ReDTandem : Region duplicate in Tandem
This repository holds the code source of the software ReDTandem.
The ReD Tandem application is made available here as Perl wrapper script together with source files. It is assumed that the following dependencies will be satisfied:
- C and C++ compilers (gcc/g++)
- NCBI Blast with 2 executables available in the binaries path:
The executables are installed in the directory.
The "ReDtandem.pl" script executes the ReD Tandem pipeline. To execute it, just type:
The following arguments are expected:
--dnafile -> the DNA file --species -> the name of the species (as in the DNA file, see below) --maxchaindist -> maximum distance between chains : arabidopsis thaliana : 150000 mouse and human : 3000000 --maxanchordist -> maximum distance between anchors : arabidopsis thaliana : 40000 mouse and human : 300000 --ratioanchordist -> ratio between anchor's score and distance's score : mean anchor's score = ratio * mean distance's score arabidopsis thaliana : 1.2 mouse and human : 1.4 --centro -> a file describing the position of centromeres (optional)

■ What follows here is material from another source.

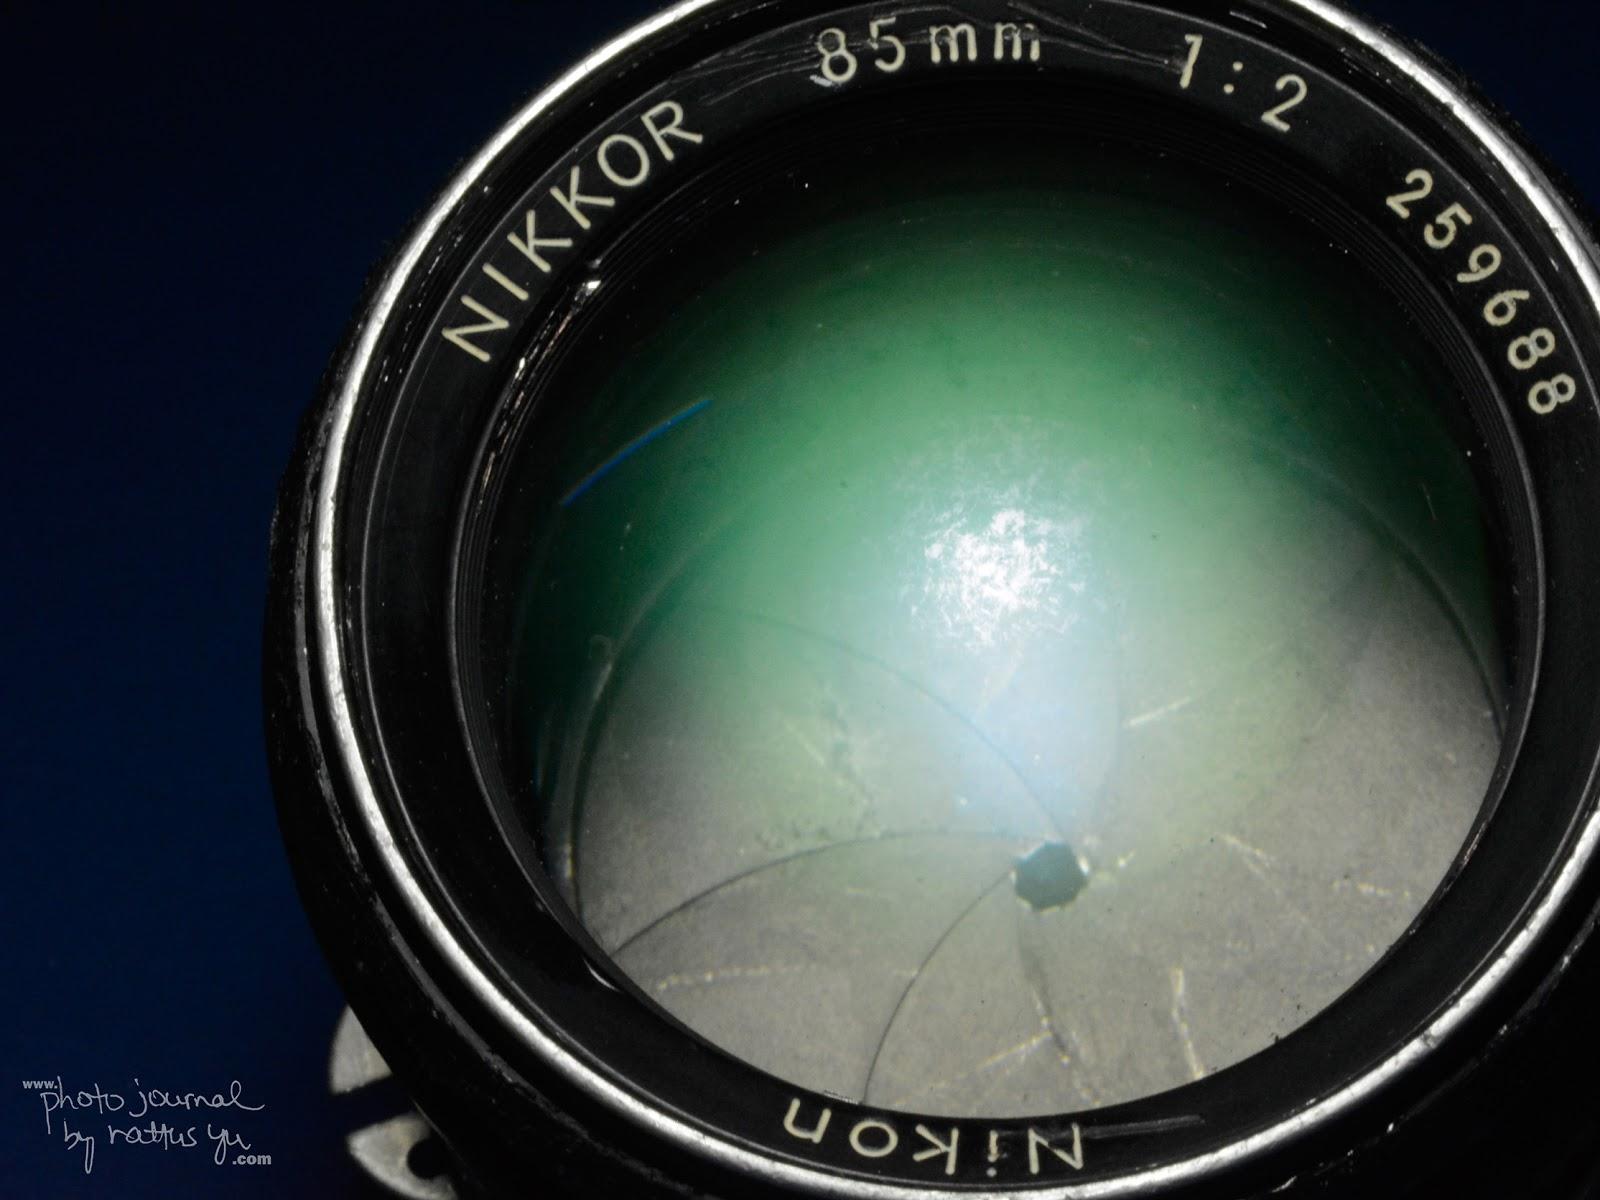 Nikkor 85mm f/2 AI

The DNA file should contain the genomic sequence considered with one FASTA header per chromosome sequence. The FASTA header should be formatted as ">ath1_1-9639975" where:
* ath : identifies the species considered * 1 : is the chromosome number * 1-9639975 : positions of the first and last nucleotide in the sequence.
perl ReDtandem.pl --species ath --dnafile ./example/dna.fa --centro ./example/centro.out
The final output file will be available in the directory where ReDtandem was executed as redtandem.outXXXX (where XXXX may vary). This result file is a tabulated file with column headers formatted with one predicted Tandem Array (TA) per line. For each TA, the different columns are:
- chrom: the number of the chromosome where the TA appears
- start: the position of the first base of the TA
- end: the position of the last base of the TA
- u_start: the position of the first base of the reference unit for the TA
- u_end: the position of the last base of the reference unit for the TA
- numDupli: the number of detected duplicated regions in the TA
- dupli: the positions of every Tandem Unit (TU) in the TA. Each TU is described by the position of its first and last bases separated by "..". Then all TUs are separated using a comma.
For example, the following line:
#chrom start end u_start u_end numDupli dupli 1 147972 156372 148332 149762 2 147972..150120,154224..156372,
represents a TA appearing on chromosome 1, starting at position 147972 and ending at 156372. The reference Tandem Unit detected appears at position 148332-149762. The TA contains just two TUs, respectively at 147972..150120 and 154224..156372.
For licensing information see license.html
The ReDTandem script produces intermediary files stored in a temporary directory. If you want to keep and have a look to these files, you can use the "--noclean" flag with ReDtandem.pl script. The following files will be available in the temporary directory:
- glint.out: output from the genome aligner/anchor detection software glint.
- mdust.out: output of mdust.
- glint_chrom.out: glint output translated in ReD format (an extra "chrom" column is added).
- glint_chrom.red: previous file, filtered with diust and possibly for centromeric regions, ready for ReD.
- red.align.out: list of all anchors that have been used by ReD in the graph.
- red.alignUse.out: list of all anchors which have been chained by ReD.
- red.chain.out: list of chains produced by ReD.
- unit.out: a file that contains all detected TA (Tandem Arrays) with the associated reference unit, built from "red.chain.out" and "red.align.out".